The Bedoire family maintained connections with several prominent Stockholm families of economic influence through both marriage and financial partnerships. These included the Gother, Toutin, Lefebure, Pauli, Campbell, Montgomery, Jennings and Finlay families.

Several women of the Bedoire family married merchants and business figures, in addition to maintaining purely economic ties with others. This included two cousins, Magdalena (d. 1751) and Charlotta Bedoire (1725–1808), who both married Herman Petersen, also a director of the Swedish East India Company. A business partnership was also established between the families as a trading company, known as Petersen & Bedoire. It was through the latter purchases was made on behalf of both the East India Company and the Navy.

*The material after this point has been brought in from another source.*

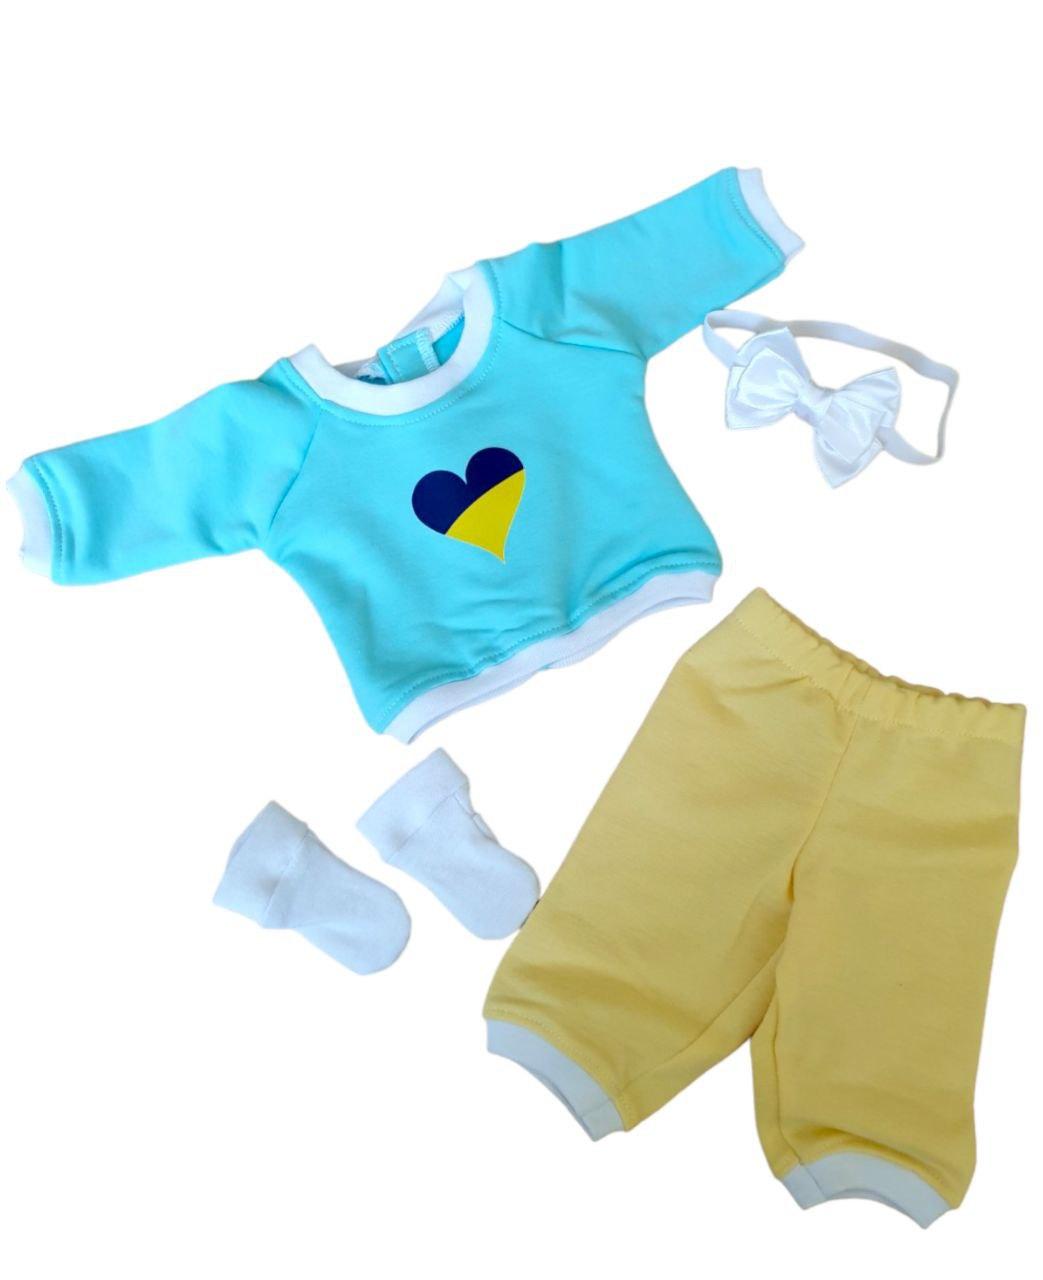 Набір одяг для ляльки Бебі Борн / Baby Born 40 - 43 см кофточка штанці шкарпетки пов'язка жовто-блакитний 13

In addition to their connections within the purely economic strata of society, members of the Bedoire family also married into other circles of society. In 1845, Augusta Bedoire (1820–1906) married the renowned physicist Anders Ångström. She was the daughter of Jean Henric Bedoire and Catharina Henrietta Littorin.

== De Bedoire branch ==
One member of the Bedoire family was ennobled, Jean de Bedoire, Sweden's envoy to Portugal, while the others remained members of the bourgeoisie. De Bedoire traveled extensively, was regarded by the late Gustav III, and remained a prominent figure within the Bedoire family circle.

The De Bedoire branch of the Bedoire family was created in 1777 when Sweden's envoy to Portugal, and titular governor, Jean de Bedoire was ennobled on 7 May 1777. The De Bedoire branch went extinct when he died on 30 December 1800.